The court also argued that this was a long-standing practice dating from the earliest days that did not favor one particular church, and besides which had not led to the creation of a state church, which is what the Establishment Clause had sought to prevent.

One cannot help but get the feeling in reading the Walz opinion that the majority of the court was not desirous of creating a major upheaval by ruling that tax-exemptions for churches were unconstitutional, so they started with the desired outcome and then sought ways to justify it, and the ‘history and tradition’ reasoning was the one that worked best. This ad hoc approach seems to be at play in cases involving legislative and ceremonial prayer too, such as in Marsh. In fact, Walz and Marsh can be seen as exemplars of the court using ‘history and tradition’ to justify a long-standing practice, as opposed to the other trend of applying some sort of constitutional principles as tests and using history and tradition as input to arrive at the decision.

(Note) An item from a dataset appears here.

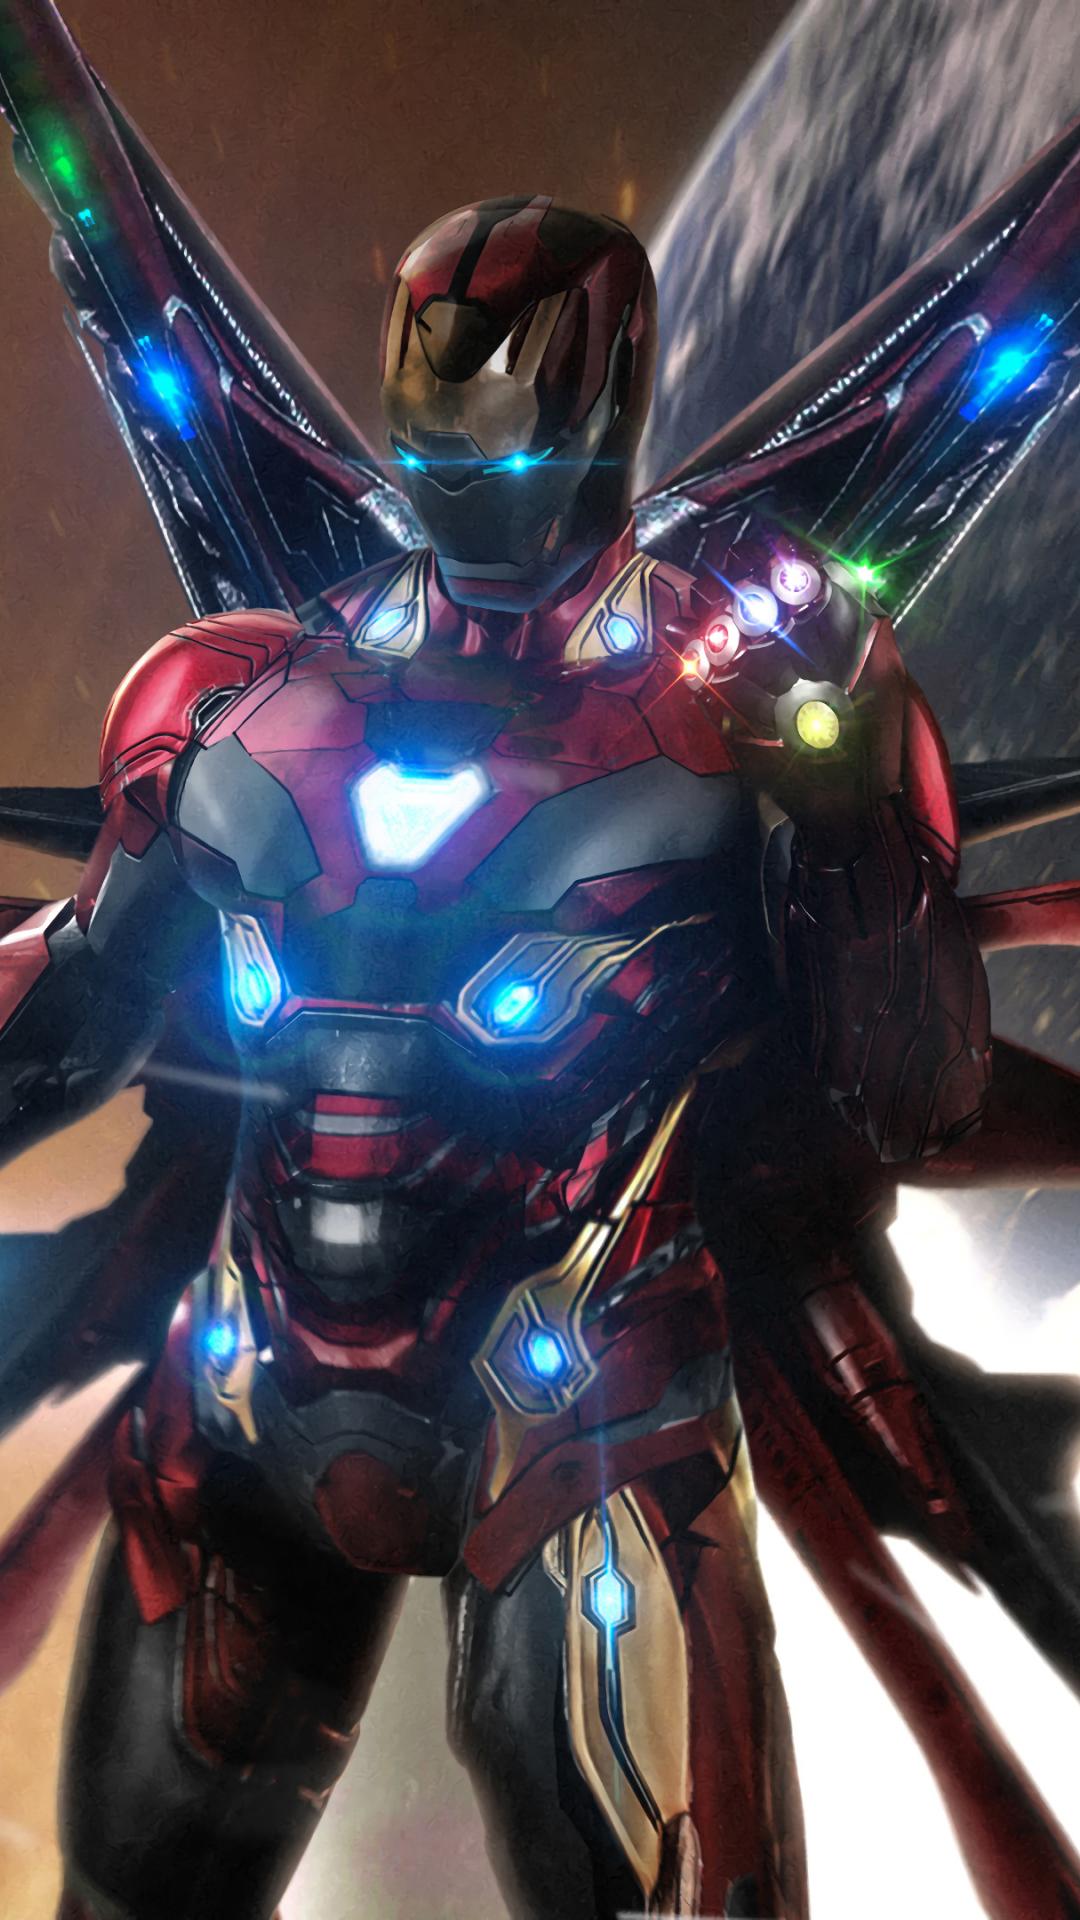 Free Download Iron Man 4k 8k Hd Marvel Wallpaper 3840x2160

The Lemon case was with respect to legislation. What about government actions such as ceremonial prayer or religious displays on public property that are not legislative in nature? In the next post, we will look at another doctrinal test, that of endorsement, that tried to meet some of the shortcomings of Lemon.

Comments

  1. Wylann says

    The issue of how to interpret and enforce neutrality in particular situations (such as providing tax exemptions for religious institutions and personnel, prayer and Bible readings and religious instruction in public schools, the display of religious artifacts on government property, ceremonial prayer, support for parochial schools, etc.) now came to the fore.

    In my opinion, the only real reasons for any difficulty here have to do with 1) individual SCOTUS members’ bias, and 2) SCOTUS as a whole being too chickenshit to do the obvious. (I know that’s a bit harsh, but I really think it’s dereliction of duty. The whole design of the SCOTUS by the framers of the consitution was to make it their job, essentially, to make the unpopular decisions. If they are going to be so swayed by public opinion, might as well add a term limit to them.)

    Anyway, to break down your list, it’s really pretty easy to see the choices. Interestingly, they aren’t all the same, but there are a lot of similarities.
    1. Tax exemptions for religious institutions: Fine, but enforce the restrictions that come with them, and don’t automatically exempt them from the normal bookkeeping restrictions of other 501(c)(3) organizations.
    2. Get rid of any parsonage exemptions, and any other exemption that doesn’t have a secular equivalent. This is implicitly favoring religion, which is just as bad as favoring non-religion.
    3) Prayer/bible readings/etc. In government functions. Go big or go home. They need to be either just a plain public forum, or disallowed entirely. The easier of the two is to just disallow them. People can and should pray on their own time, quietly. This applies to council meetings as much as public schools.
    4) Religious displays on government property: Easiest if to disallow it, but the public forum route is available, as long as the approval process is a level playing field (which is a stretch in many places).
    5) Public funds to sectarian or parochial schools. End it. The schools should fund themselves, just like any other institute. They can make things easier by operating as a non-profit, since that will get them out of a lot of taxes. No vouchers, no government support other than being able to qualify as a non-profit. (This applies to any private school, though, IMO.)
    6) Ceremonial prayer is BS, and we all know it. The biggest evidence for this comes not from those who try to stop it, but from those who support it. If it were just ceremonial, it wouldn’t be a big deal, right?